Le principal défaut du rapport est son volontarisme étatique. Il s’adresse à la puissance publique française. Il croit que l’offre publique peut créer la demande sociale, il réduit par conséquent les interactions sociales à des portions incongrues en même temps qu’il sous-utilise les ressources sociales. Le modèle français peut être dit comme le plus monarchiste des modèles européens avec sa noblesse d’Etat. Pour cette raison, un non français francophile sera déçu de ne pas y trouver sa place. Il s’y percevra comme un élément passif. Et c’est probablement aussi pour cette raison que la France ne sera pas le moteur et le premier bénéficiaire d’un tel espace. Elle pense cet espace non pas du point de vue de cet espace sur lui-même, mais du point de vue de la puissance publique française. Le rapport ne pense pas l’intérêt qu’ont les différentes parties qui composent cet espace à le développer. Cela est assez manifeste dans la confusion que le rapport opère entre l’effondrement de la francophonie et la mise à l’écart de la France dans la francophonie. Une réappropriation du fonds culturel de la langue française par l’ensemble des acteurs de cet espace n’est pas prise en compte. Il note que des « circuits économiques sont en train de se créer dans les pays francophiles et francophones sans la France. C’est le cas du secteur minier notamment (Canadiens en Afrique), ou dans l’éducation supérieure (Québec). … Le Maroc va également développer ses relations économiques avec les autres pays d’Afrique francophone. Ce pays ne réalise encore que 2,5 % de son commerce extérieur avec l’Afrique, alors même que 85 % des investissements marocains à l’étranger se font déjà sur ce continent où le Maroc se place au deuxième rang, après l’Afrique du Sud.» « Au final, par leur proactivité dans le monde francophone, ces pays tirent plus de profit de la francophonie que la France elle-même. » (2)

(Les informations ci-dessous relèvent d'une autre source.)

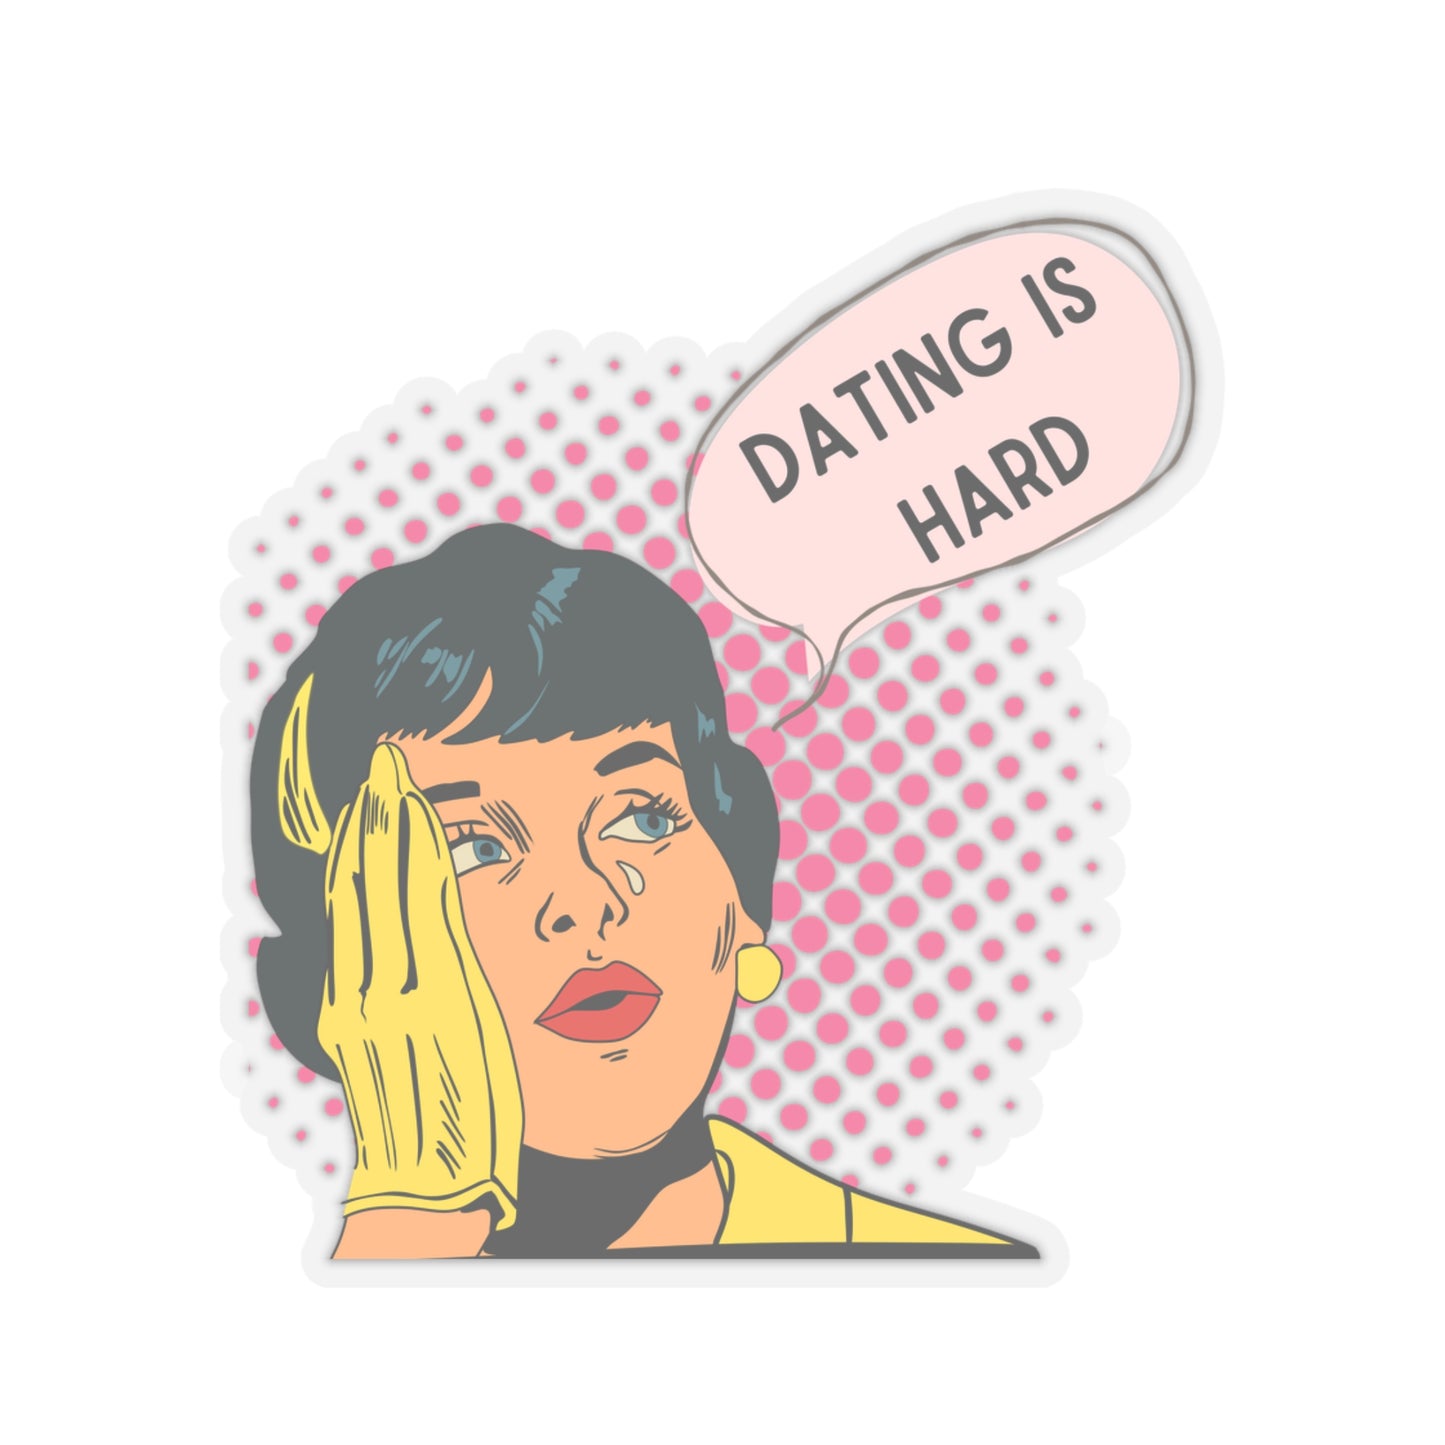 Dating is Hard Sticker

L’on tire donc de la francophonie plus de profit que la France elle-même, reconnait Jacques Attali. Plus de profit dans un jeu à somme nulle ou non nulle, ce n’est pas du tout la même chose (3). Plus de profit dans un jeu à somme nulle (ce que suggère l’oubli d’une telle distinction) correspond à la situation coloniale : l’empire gagne, la colonie perd et le colonialisme se trouve justifié ; l’empire perd, la colonisation ne l’est plus. Plus de profit dans un jeu à somme non nulle, peut signifier profits inégalement répartis. Le jeu serait encore plus acceptable si les pays qui sont considérés comme des gisements de croissance (de la demande et du PIB) et de richesses naturelles, pouvaient réaliser les plus grands profits pour entretenir leur croissance. Il aurait été donc souhaitable que le rapport ait été conçu du point de vue d’un jeu à somme non nulle, ce qui aurait écarté un point de vue trop unilatéral de la France sur cet espace, mais aussi du point de vue d’une partie non française qui trouverait son intérêt dans le développement d’un tel espace. Un tel espace ne peut croître s’il est conçu dans le seul intérêt de la France, la logique de l’exit (4) s’imposerait. S’il l’était dans le seul intérêt des élites, la protestation pourrait prendre une ampleur radicale. Un exemple : le fait que le pouvoir d’achat algérien ait baissé a conduit l’élite politique à recourir aux importations chinoises pour défendre la paix civile. Globalement, il est dommage que l’auteur ne pense cet espace commun que comme celui d’un partage d’une langue et non pas du savoir.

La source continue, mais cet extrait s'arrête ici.